Aim of the task:
No pictures go into the copy. Write out every line below exactly.

::: Exercise data :::

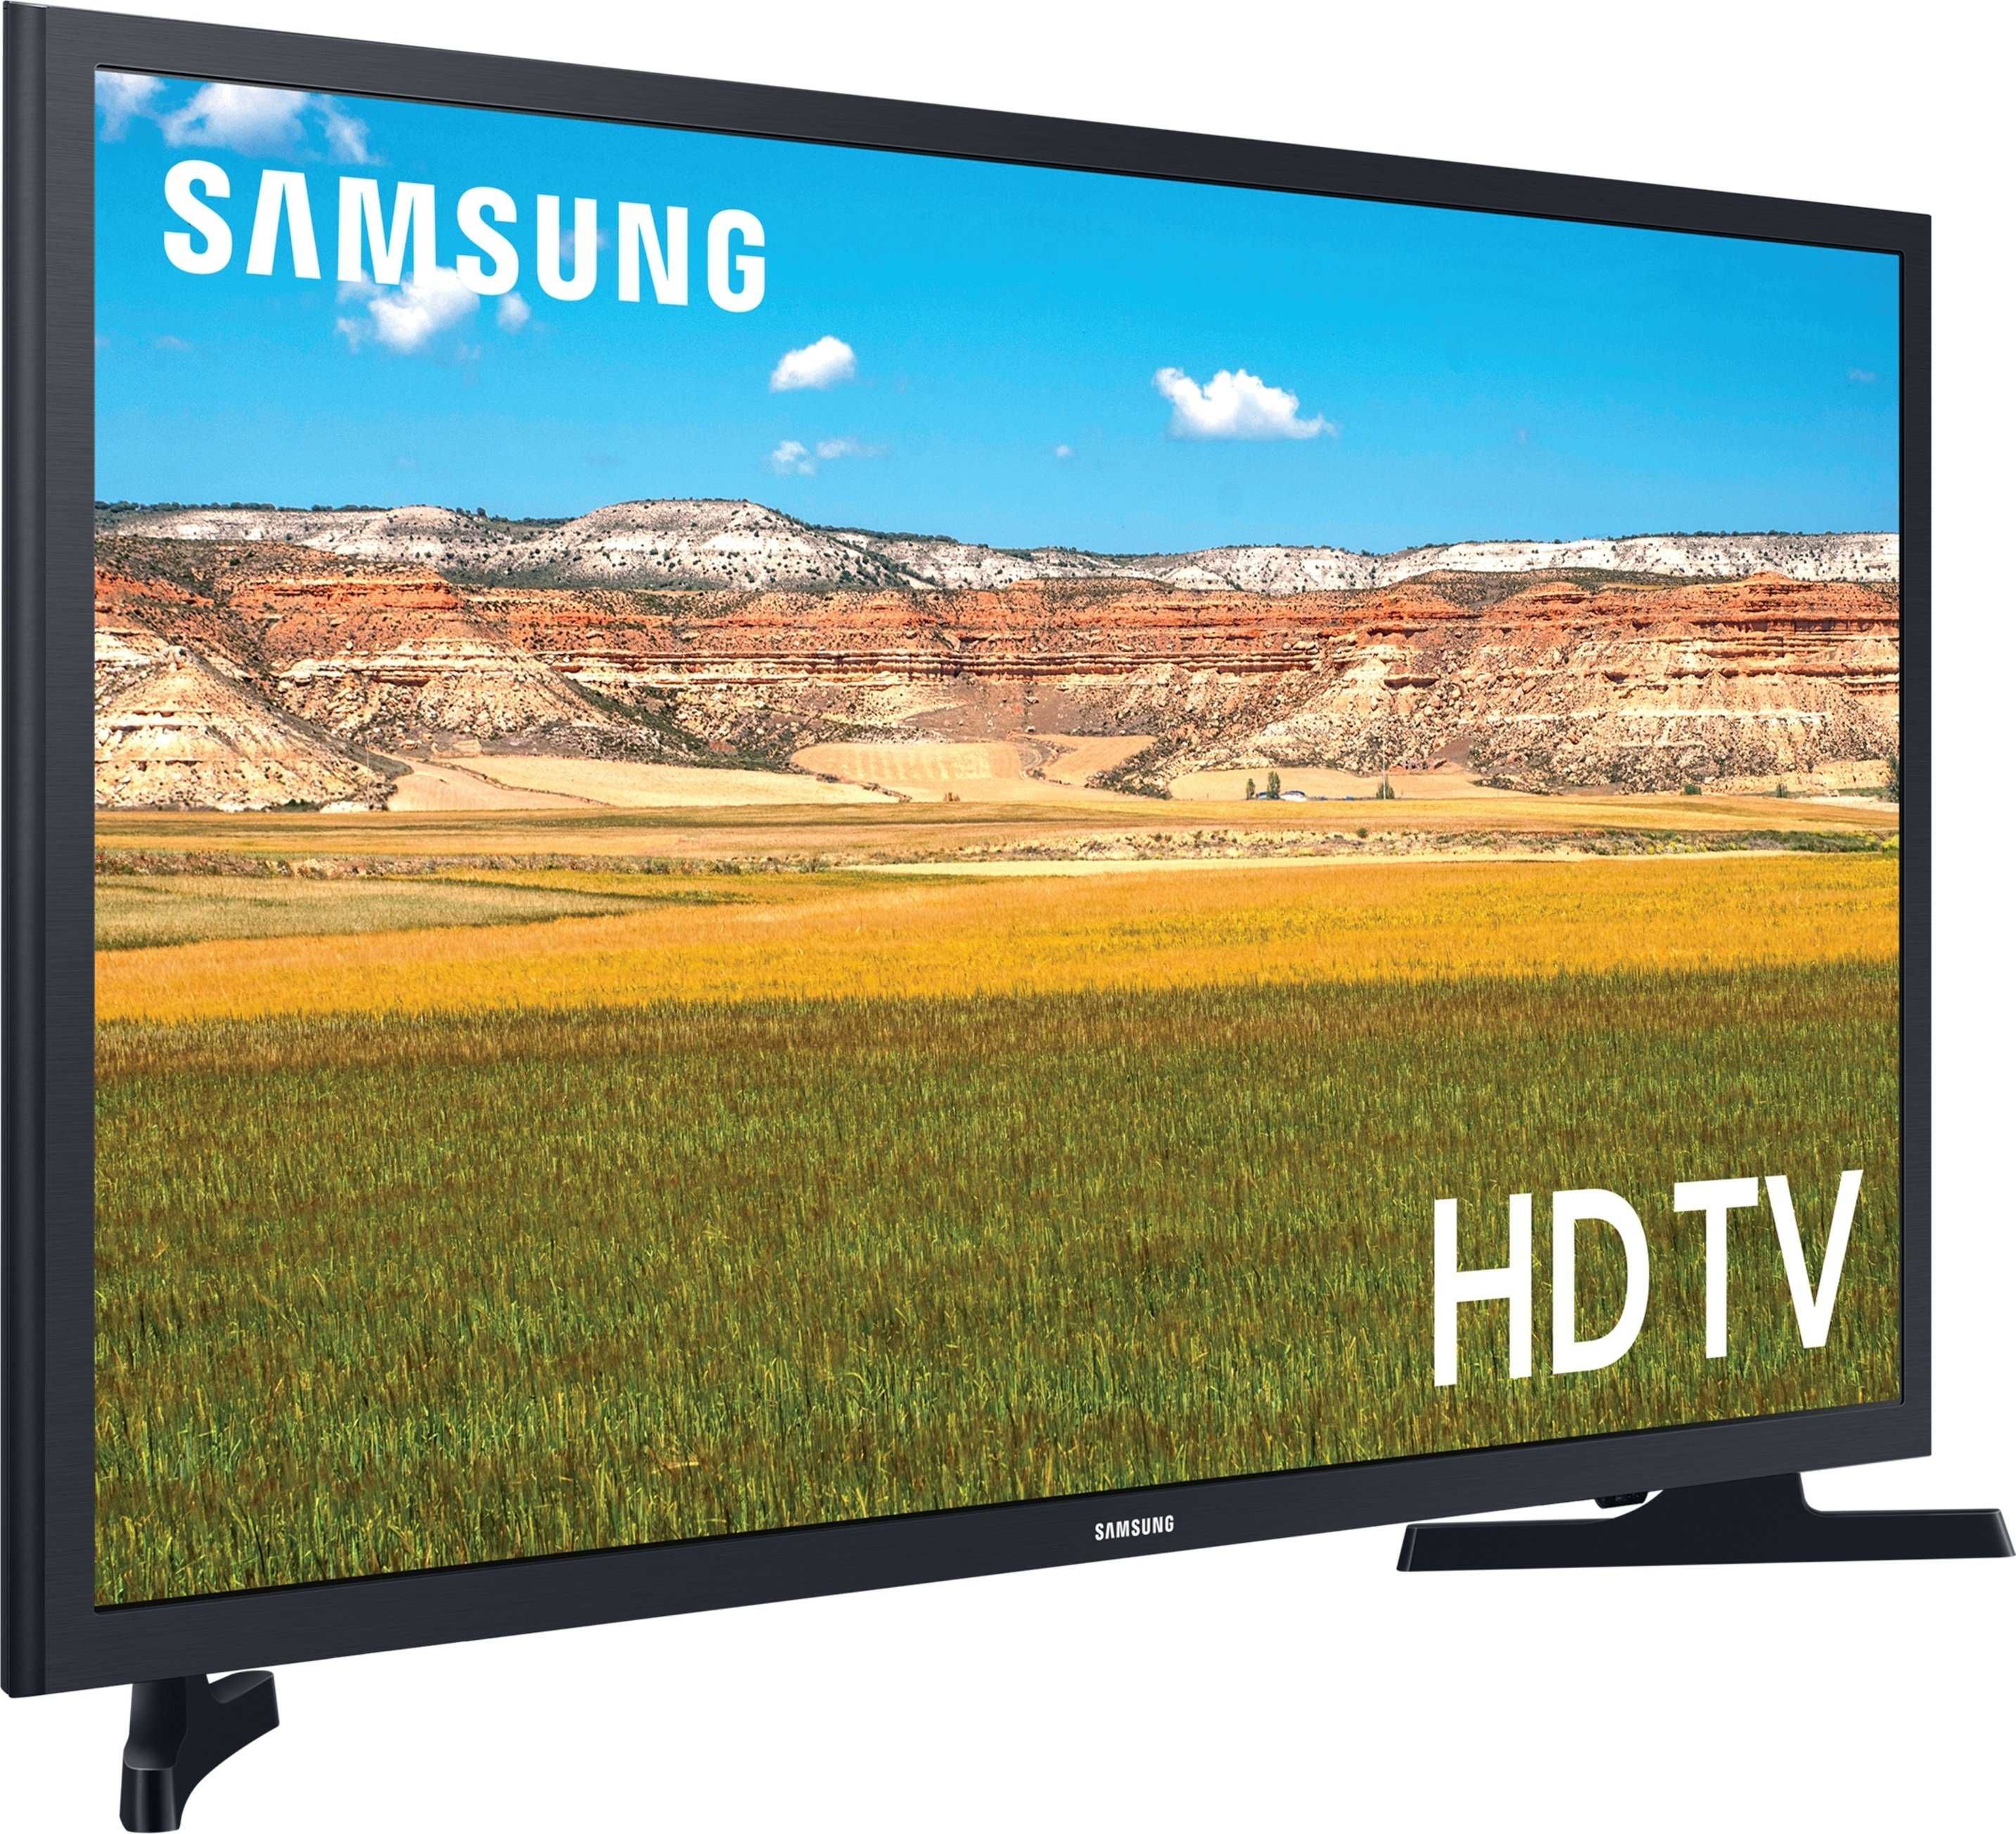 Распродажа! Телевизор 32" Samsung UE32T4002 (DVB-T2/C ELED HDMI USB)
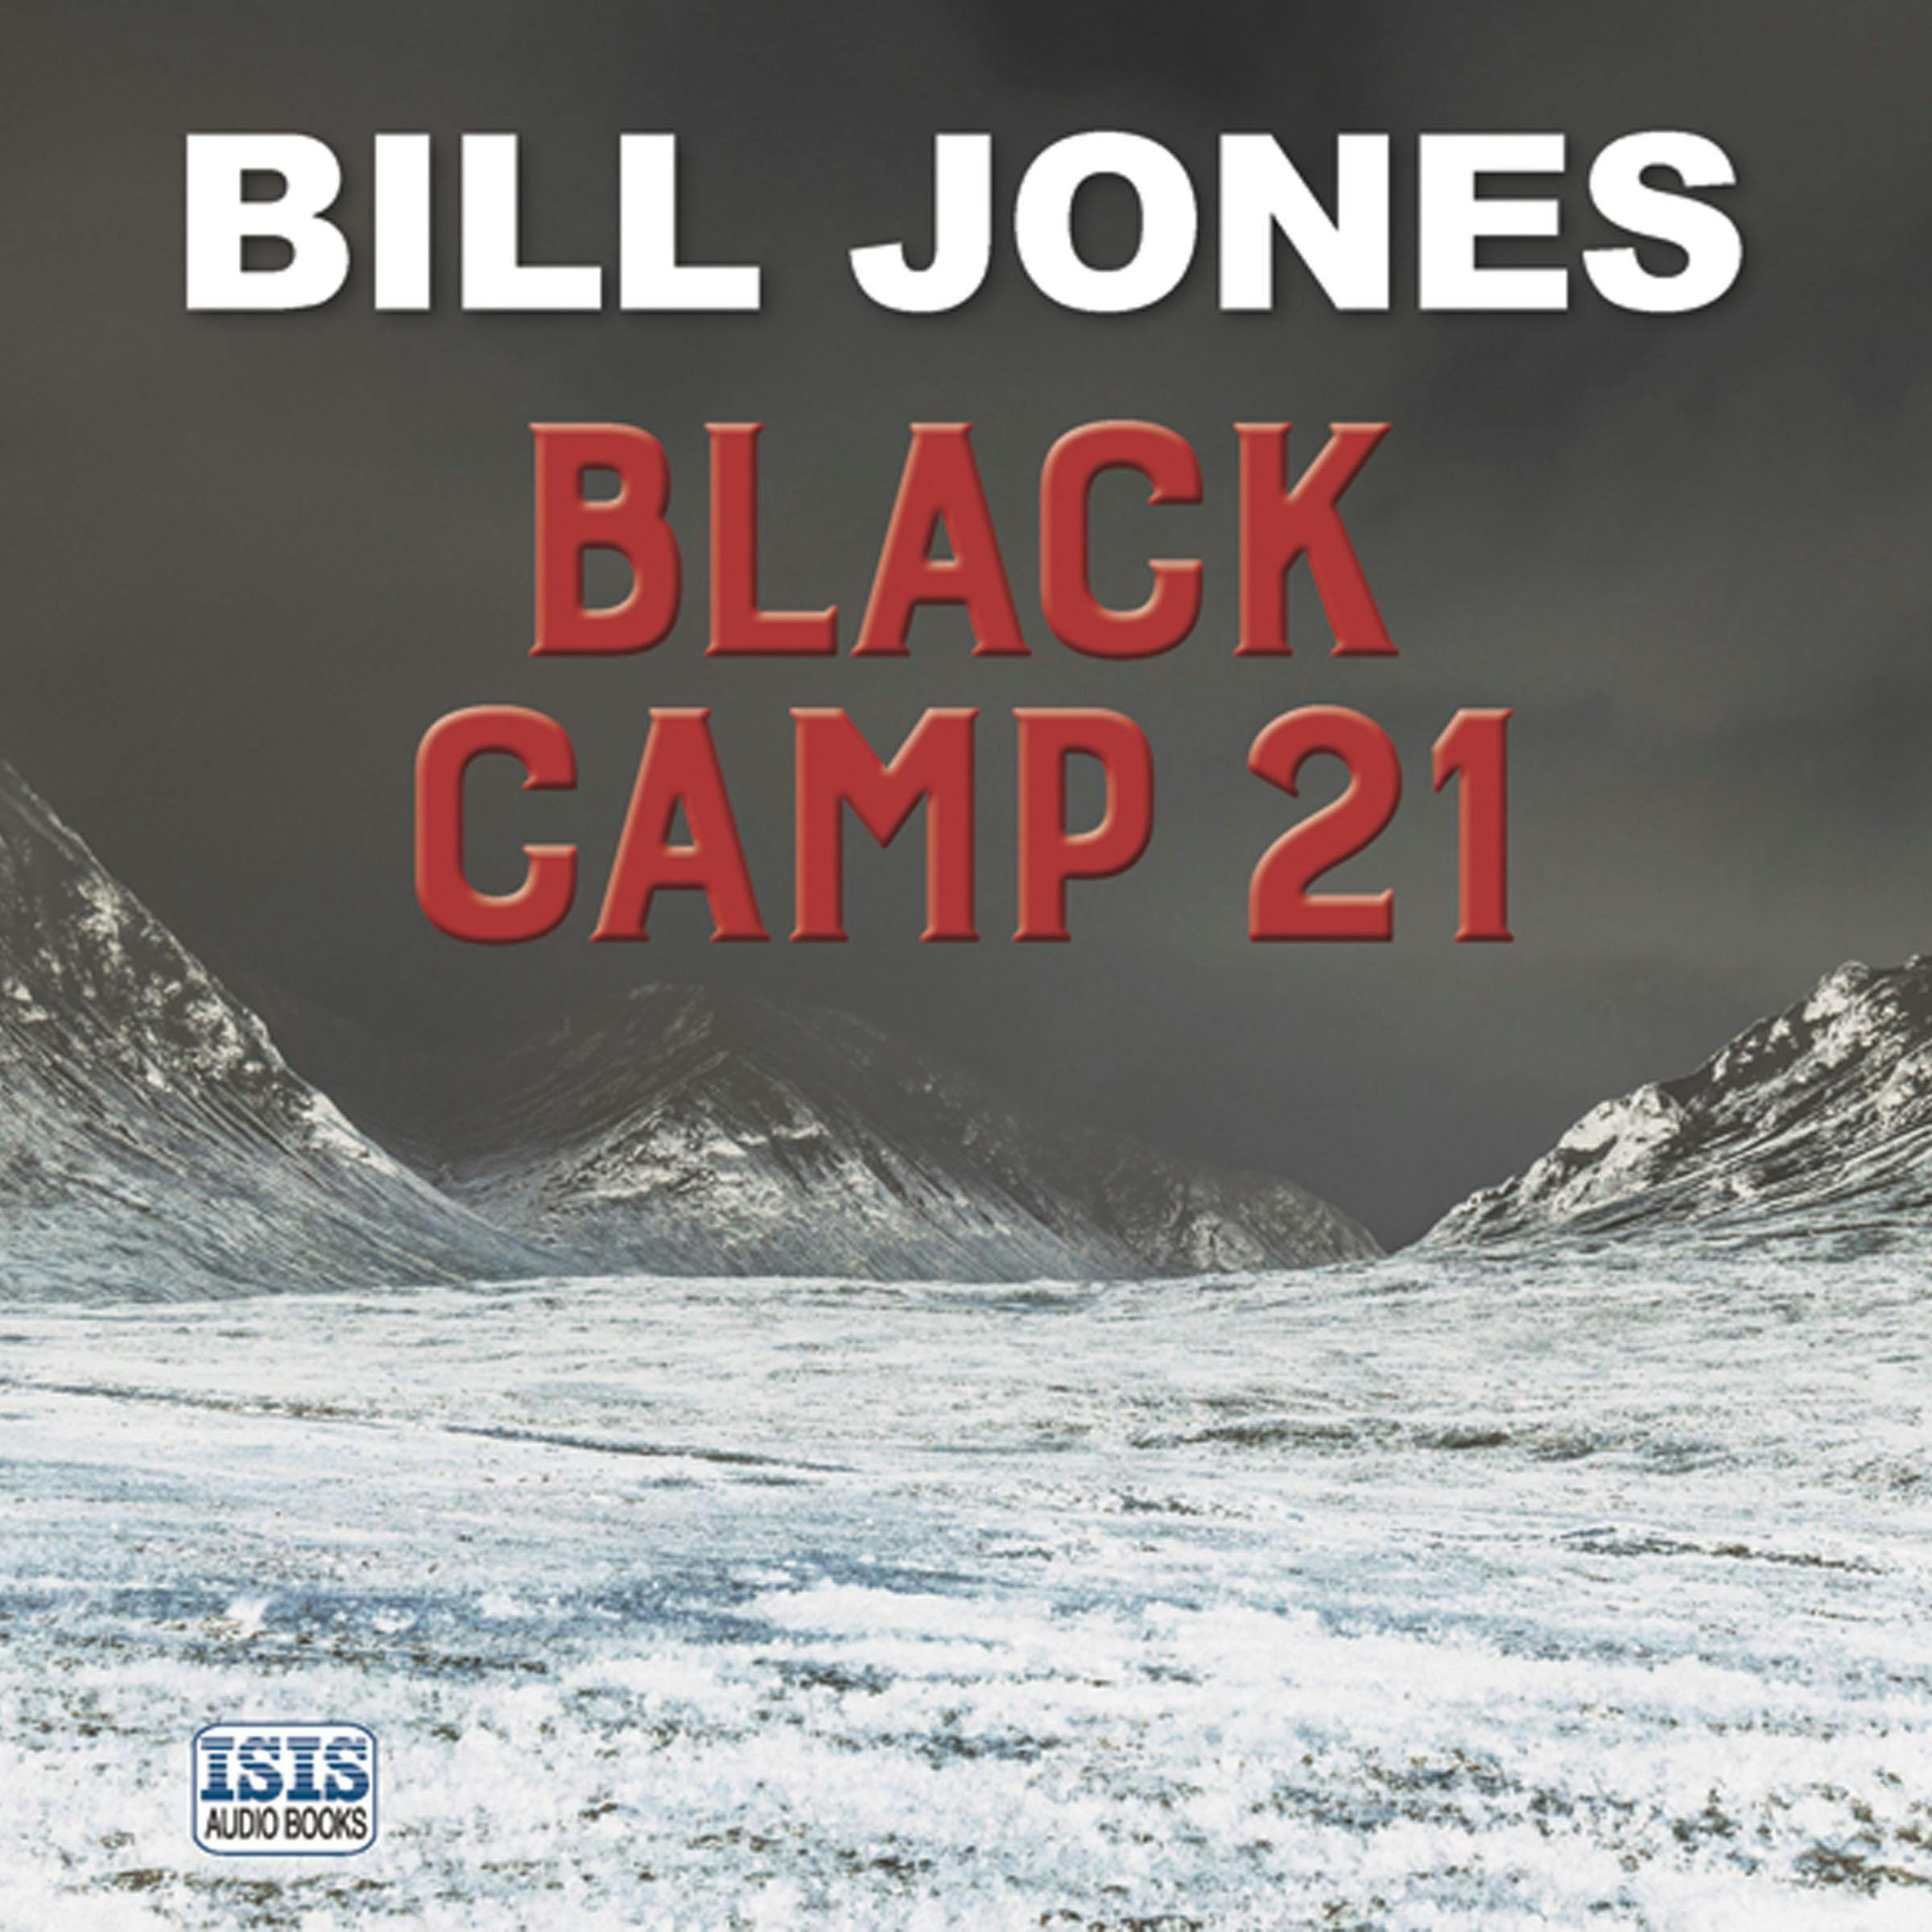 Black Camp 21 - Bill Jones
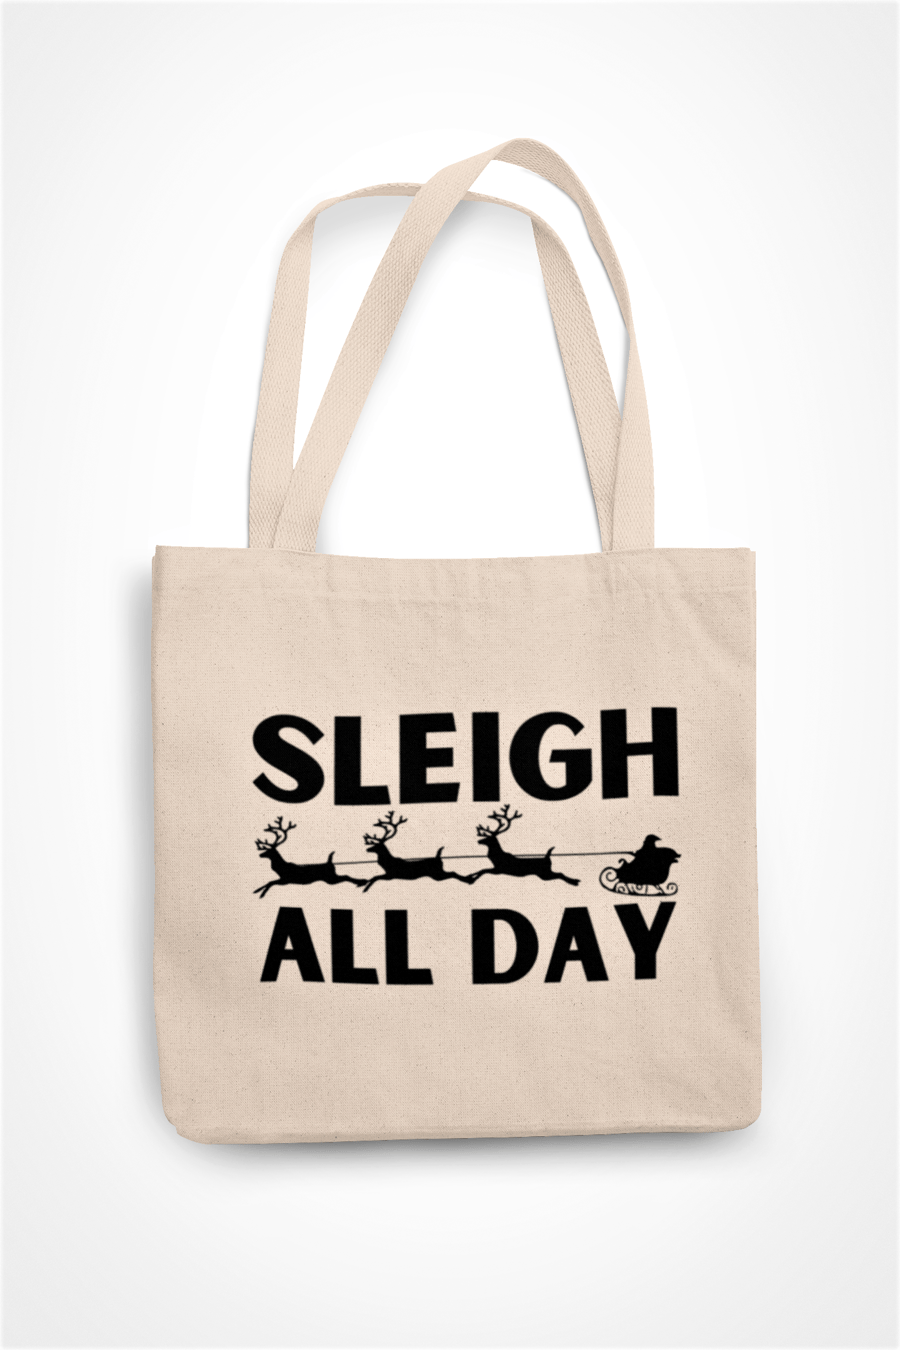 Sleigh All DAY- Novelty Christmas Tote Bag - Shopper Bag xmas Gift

:::

Task result:
 Распродажа! Телевизор 32" Samsung UE32T4002 (DVB-T2/C ELED HDMI USB)
 Black Camp 21 - Bill Jones
 Sleigh All DAY- Novelty Christmas Tote Bag - Shopper Bag xmas Gift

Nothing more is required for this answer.